Tuesday, November 21, 2006

Arrivals

“Come on down boys,” beckons the security officer at Toronto Pearson International Airport. We both approach his booth and hand over our Passports and disembarkation cards.

“Where did you guys go?” He asks without even glancing up.

“Dominican Republic” we reply in unison.

“Did you guys practice that?” We chuckle at his joke.

“How long were you guys away?”

“One week,” replies Mr. Honey Tongue.

“Where did you stay?”

“At a resort in Puerto Plata,” I state.

“So, what’s your relation to each other?”

“Good friends,” I answer without a second thought.

“How did you guys meet?”

I balk. I open my mouth, but am not sure how to answer.

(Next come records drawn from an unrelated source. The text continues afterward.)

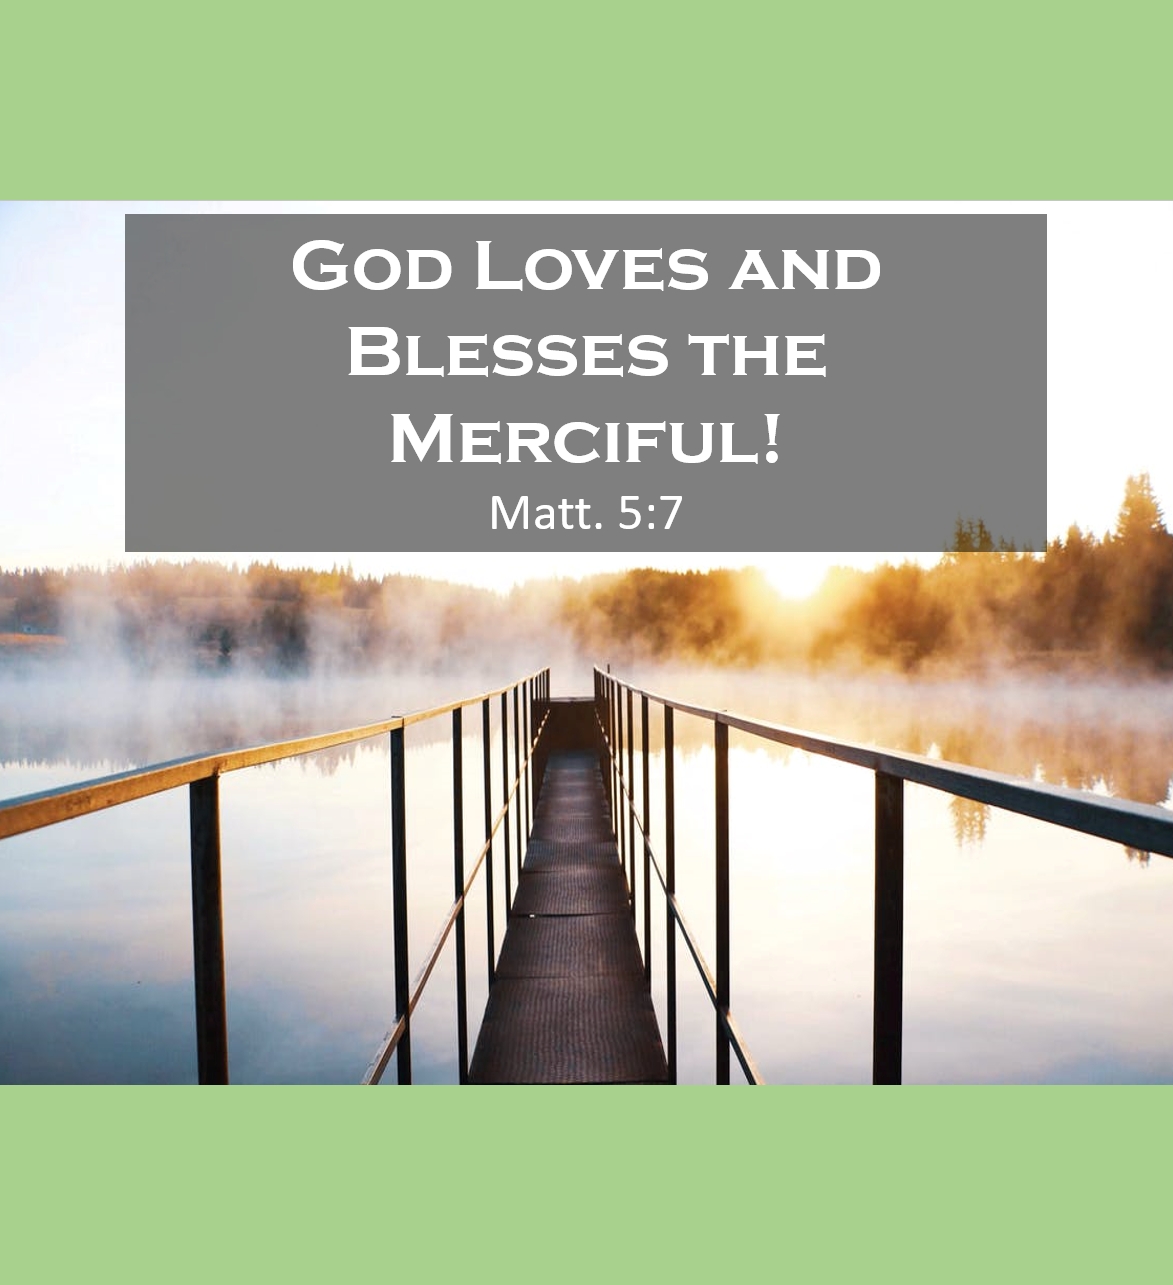 God Loves and Blesses the Merciful
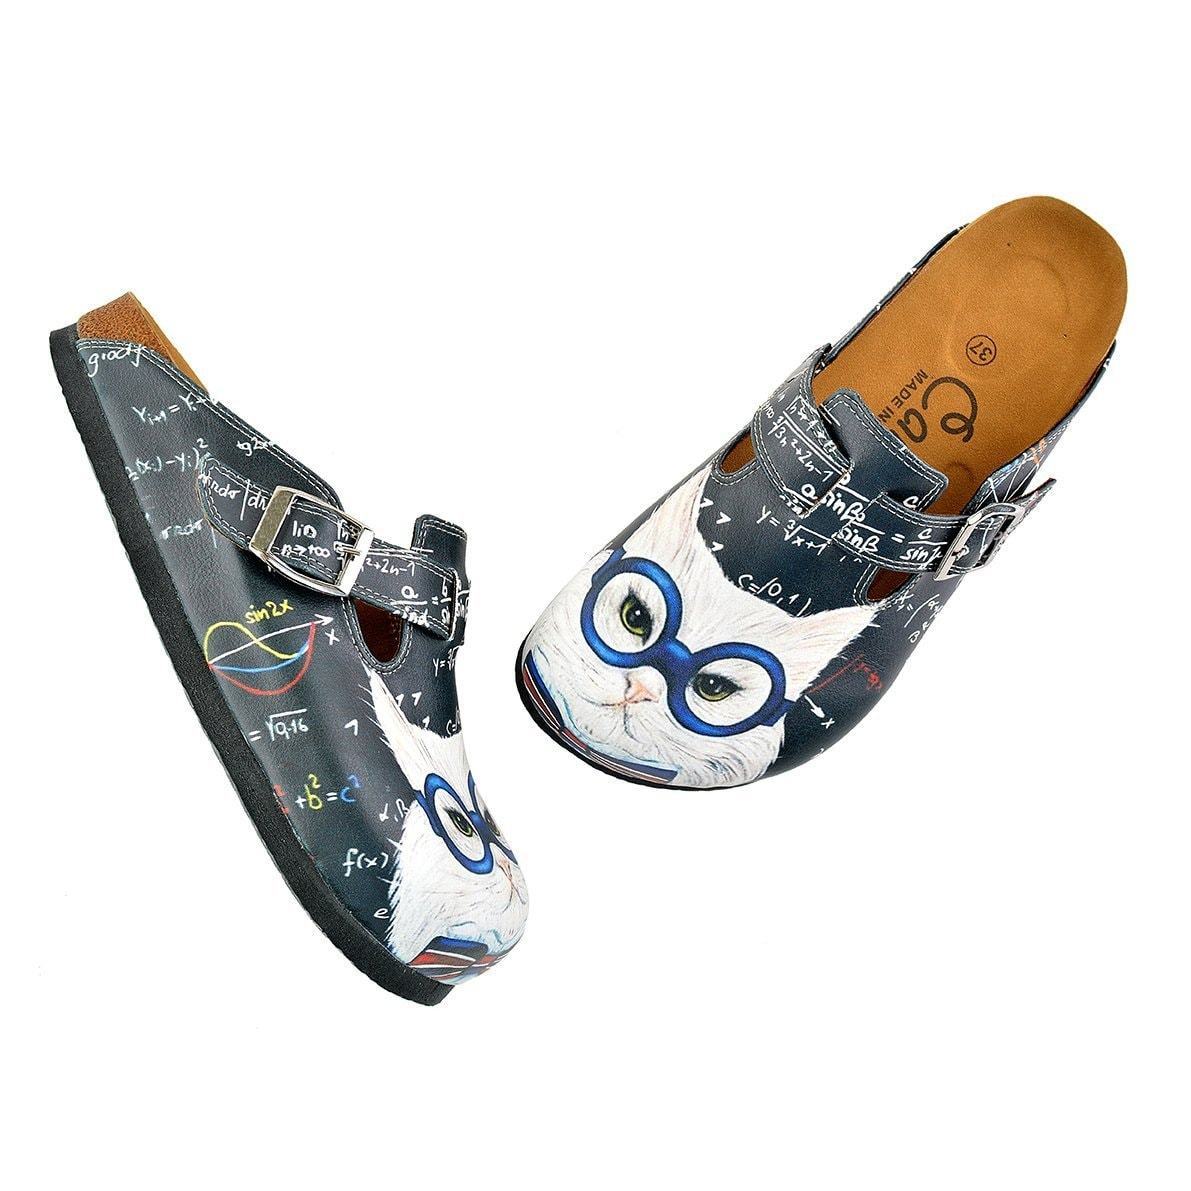 White & Gray Cat Clogs WCAL343 (737670332512)
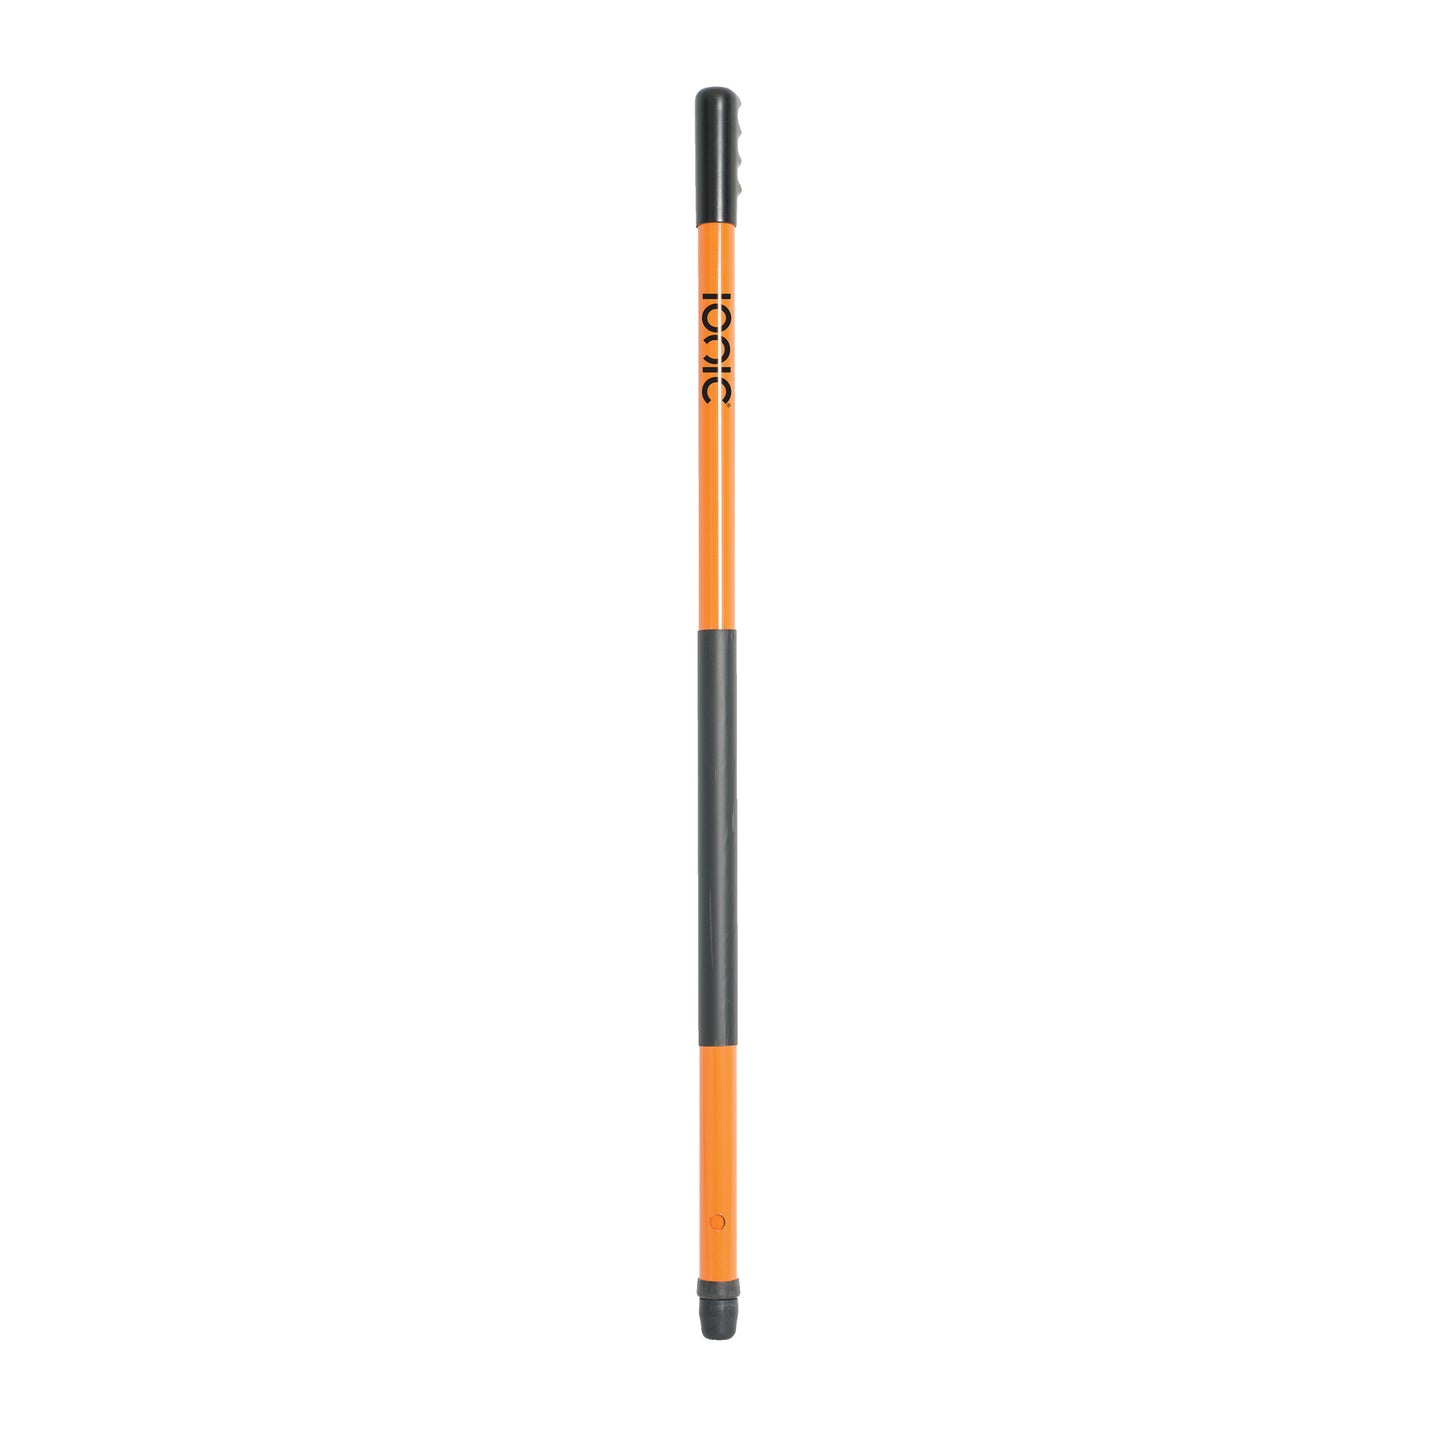 IONIC Telescopic Floating Wading/Search Pole

I turn to Mr. Honey Tongue and he is also staring ahead blank faced.

“Do you want to tell him the truth?” Mr. Honey Tongue asks me. I nod in the affirmative, but am unsure as to what truth he refers too.

“We’re partners,” says Mr. Honey Tongue to the security officer.

“Hey, hey,” says the security officer putting up both his hands in the air. “I just asked how you guys met, I don’t need to know about your lifestyle choice.” I wince at the term lifestyle choice. “Did you guys meet at school?”

“We met online.” I respond hastily.

“There you go, that all I wanted to know.” He hands us back our documents.

“I didn’t anticipate that,” I say to Mr. Honey Tongue as we stand by the conveyor belt waiting for our luggage. He laughs.

“What do you mean?” He asks.

“Well, what am I supposed to say? That we were at a club and you eyed me all night, and then coincidently we ended up on the same chat site a couple days later?” I say, as I retrieve his black and grey monogrammed Pierre Cardin suitcase. “We are totally going to get checked by customs.”

“You think so?”

“Yes!” I lean over again and retrieve my red and maroon monogrammed Pierre Cardin suitcase.

We are approaching the sliding doors that would exit us out of the secure area of the airport. There is a mild throng of people in this area, and we get separated into two different queues. We both approach the respective security officer of our queue at the same time handing over our disembarkation cards.

“That way sir,” motions the security officer in my queue, pointing towards a long winding corridor. I look for Mr. Honey Tongue, but his behind had already slipped behind the immediate exit door.

“But, my friend….” I say feebly.

“You will see him in a moment.”

I take my suite case, and walk down a winding corridor, into a large room, where three fellow passengers are already in the midst of a custom examination.

The same officer who directed me here, asks me to place my luggage on a metal examination table.

“Is this your luggage?” She asks.

“Yes.”

“Do you know the contents inside?”

“Yes.”

“You packed this suitcase yourself?”

“Yes.”

“Please, open the suitcase.”

I proceed to open the suitcase for her. Even though all the clothing inside is now dirty, they are carefully arranged according to outfit. The rolled white Lacoste polo right next to the white linen HM pants. She places latex gloves on her hands, and gingerly goes through the contents.

“What’s this?” She asks, picking up an oblong object encased in a Spanish newspaper.

“A sculpture.”

She proceeds to open another compartment in the suitcase. In this section I have enclosed the four pair of shoes that I took with me. Her fingers run past the shoes, to my vanity bag. She picks up the bag and unzips it. She observes my two bottles of cologe (Escape by Calvin Klien and Envy by Gucci), two hairstyling products, facial cleanser, toner, and moisturizer. She extracts these products out, her fingers digging further into the bag.

She pauses. She is now staring at my black bottle of Platinum lube. She hurriedly puts back all the items into the vanity bag, and quickly tosses it back into the suitcase.

“That’s fine,” she says turning herself away and stares ahead disinterestedly.